Para desquitarse, don Cirilo cortó el cuero de la vaquillona, y
aunque fuera algo delgado, pudo sacar de él muchos cabestros buenos, que hacían
justamente mucha falta en la estancia. Pero salió tan fofo el cuero, que bastaba
que se atase un caballo con uno de los dichosos cabestros para que lo cortase y
se mandase mudar; y costó esto tres o cuatro recados, desparramados entre los
cañadones por caballos que dispararon ensillados. Iba saliendo cara la
vaquillona
El buey corneta, él, seguía comiendo con precaución alrededor
de las casas las alcachofas espinosas de los cardos de Castilla, mirando con sus
grandes ojos indiferentes a don Cirilo, cada vez que con él se encontraba.
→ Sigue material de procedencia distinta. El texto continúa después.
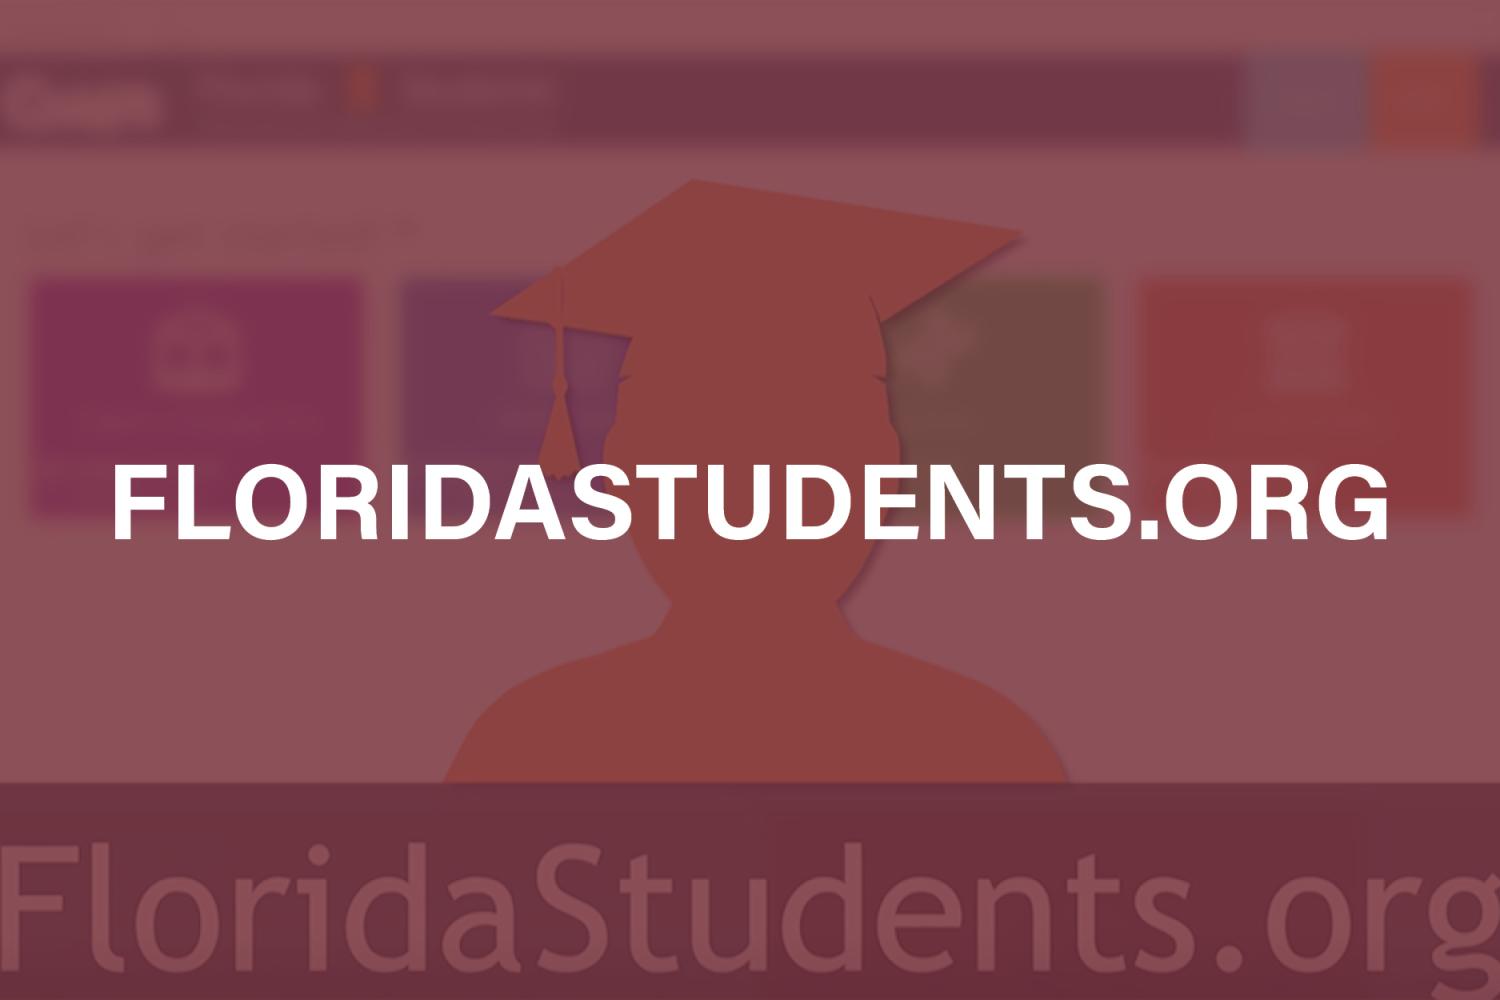 "Screen shot of the FloridaStudents.org website with a silhouette of a graduate."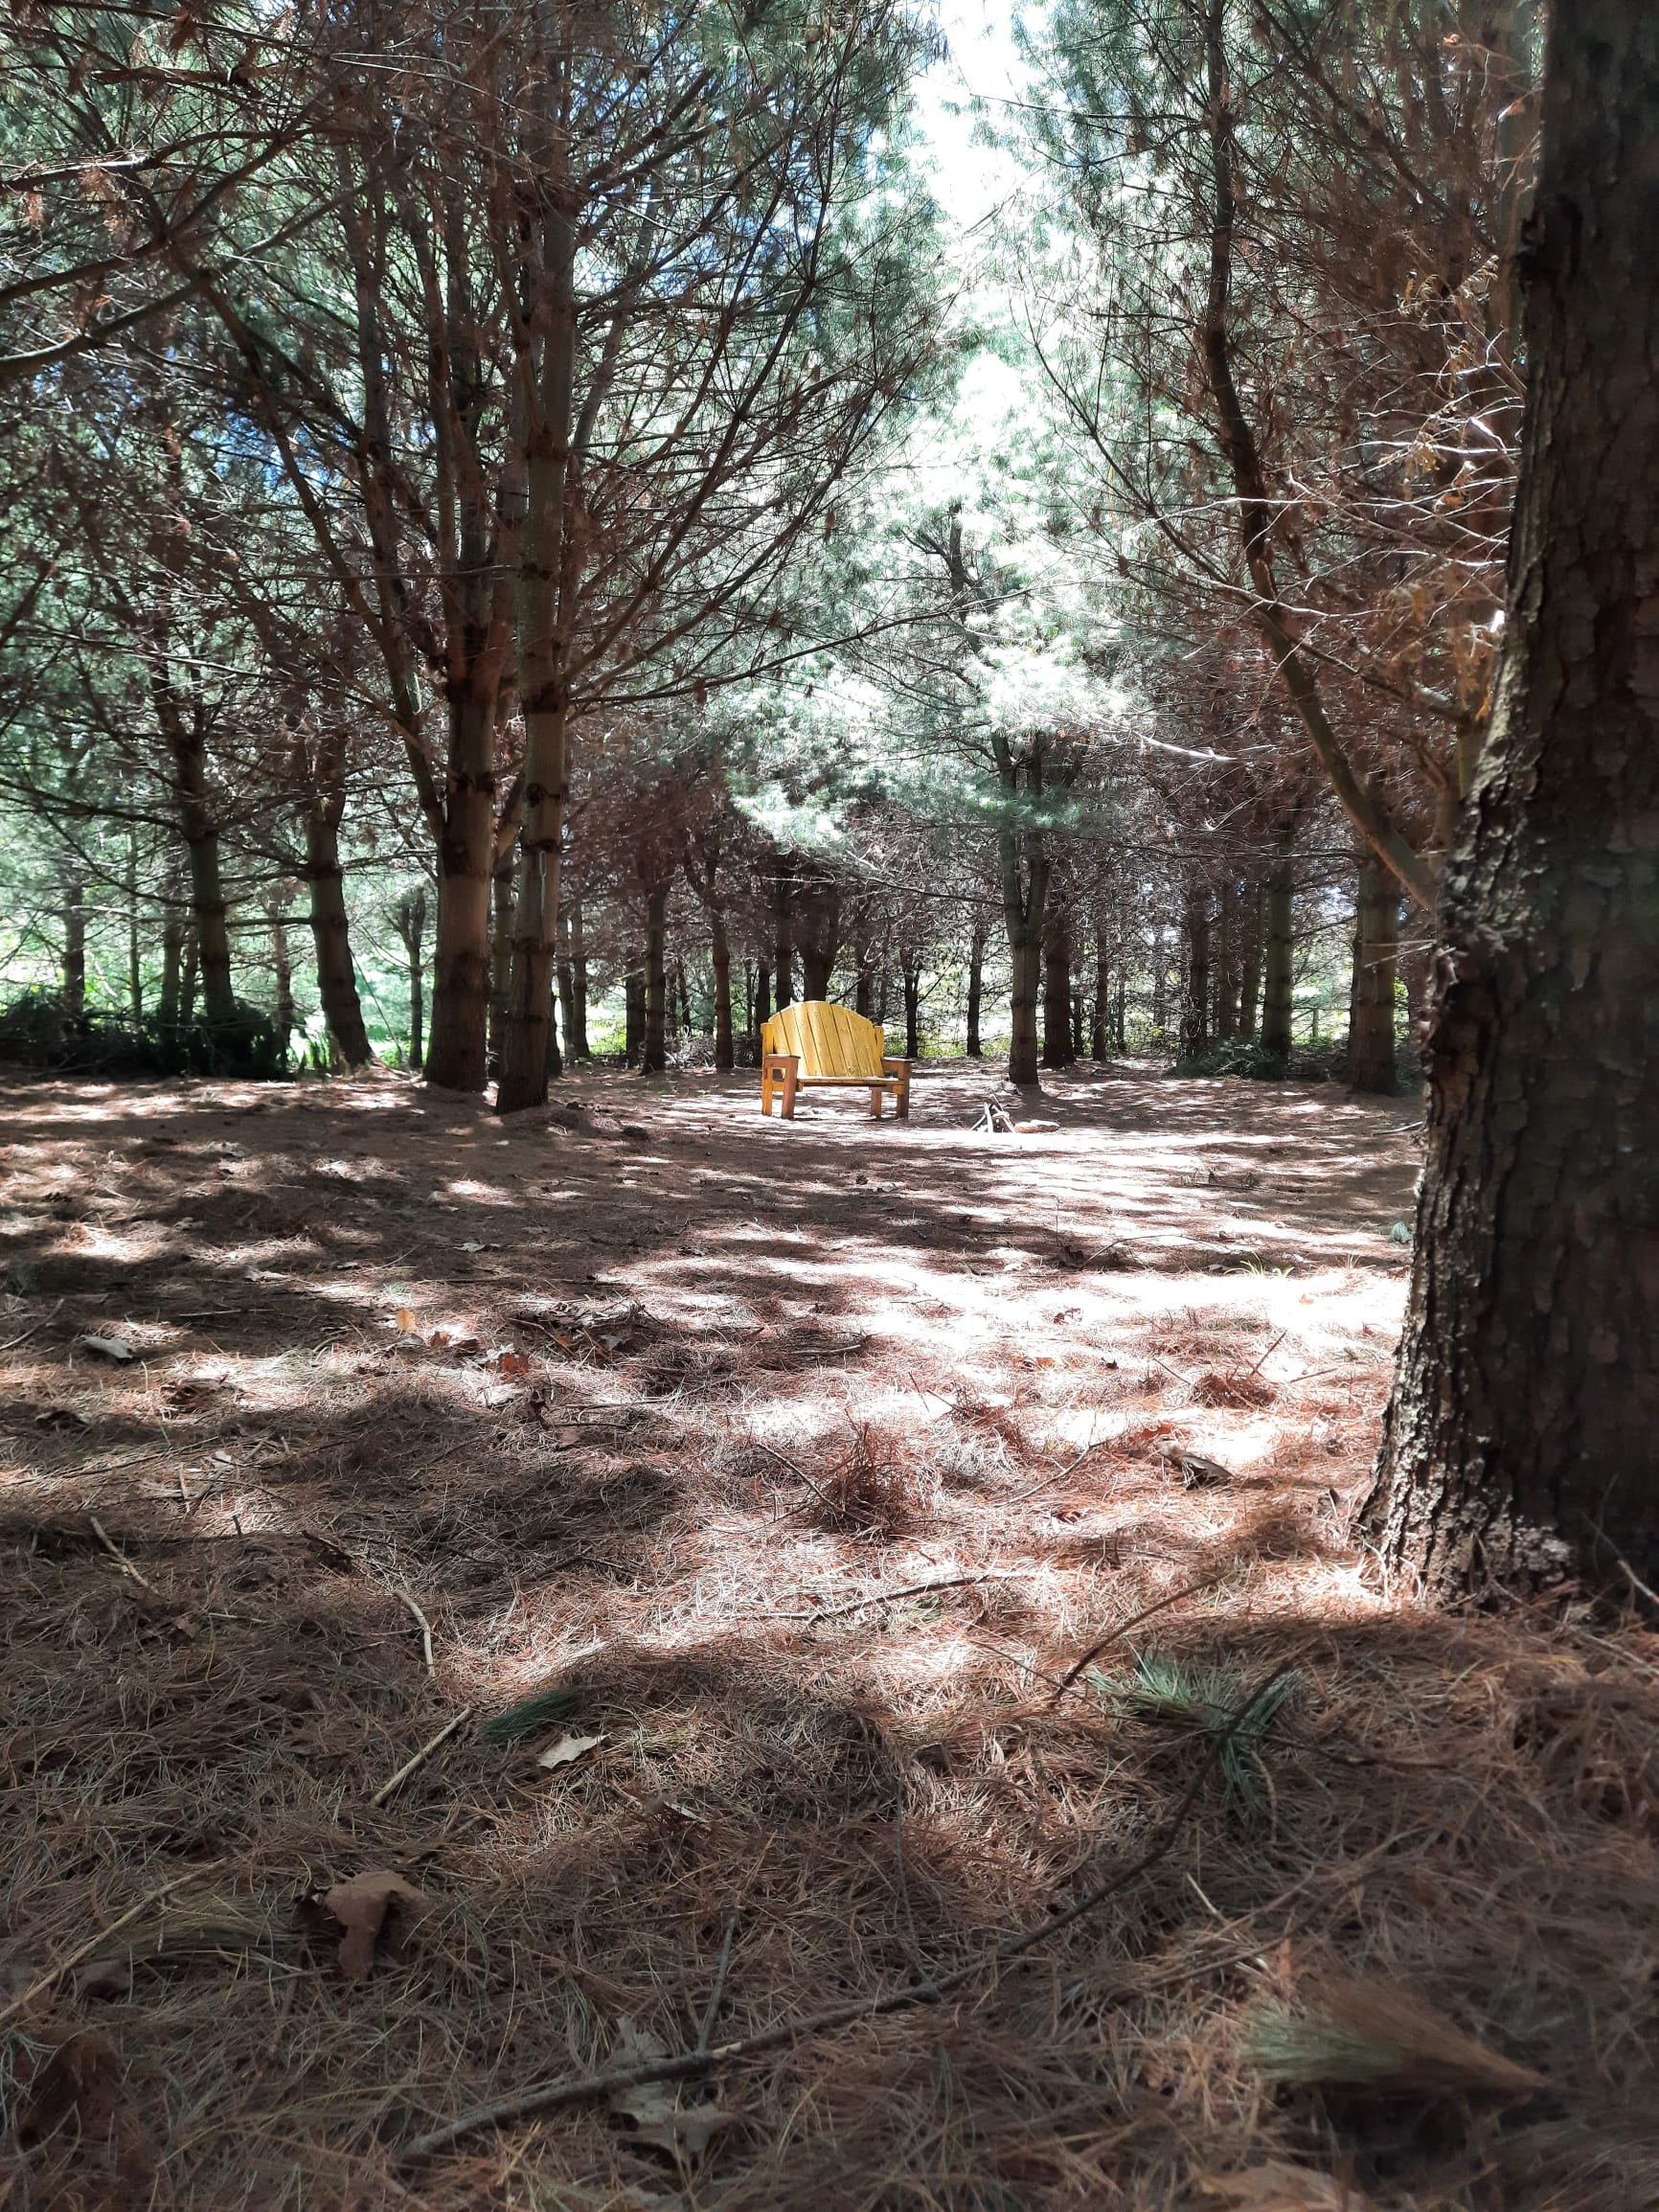 Site 1: Lots of private space under the trees

Una mañana de neblina cerrada, que don Cirilo había salido
solo, no se sabe a qué diligencia misteriosa, de repente dio con el buey
corneta. Entre la espesa gasa de la cerrazón, le pareció enorme el animal; y su
silenciosa masa, sus grandes ojos indiferentes clavados en los suyos, hicieron
sobre don Cirilo, emparedado a solas con él entre la flotante humedad de la
neblina, una impresión de tan invencible inquietud, casi de terror, que por poco
le hubiera dado explicaciones, como a un juez, para excusarse, y demostrarle que
tampoco los vecinos eran santos, pues a menudo le pegaban malones, comiéndole
las mejores vacas y los capones más gordos.
Al tranco, pasó cerca del buey corneta, sin que éste se moviera
ni dejara de mirarlo con sus ojos, que, de grandes, parecían los de la
conciencia; hasta que, enojándose contra sí mismo, contra el buey, y contra las
ideas locas que éste le había hecho brotar en la cabeza, quiso don Cirilo
emprender otra vez la carrera hacia el punto de cita que había indicado a su
gente para llevar a cabo la diligencia misteriosa a que iba. Pero en este
momento, el caballo hundió la mano de modo tan terrible en una cueva de peludo,
que antes que pudiera pensarlo estaba tendido en el suelo don Cirilo, como
cualquier maturrango, y con la muñeca recalcada.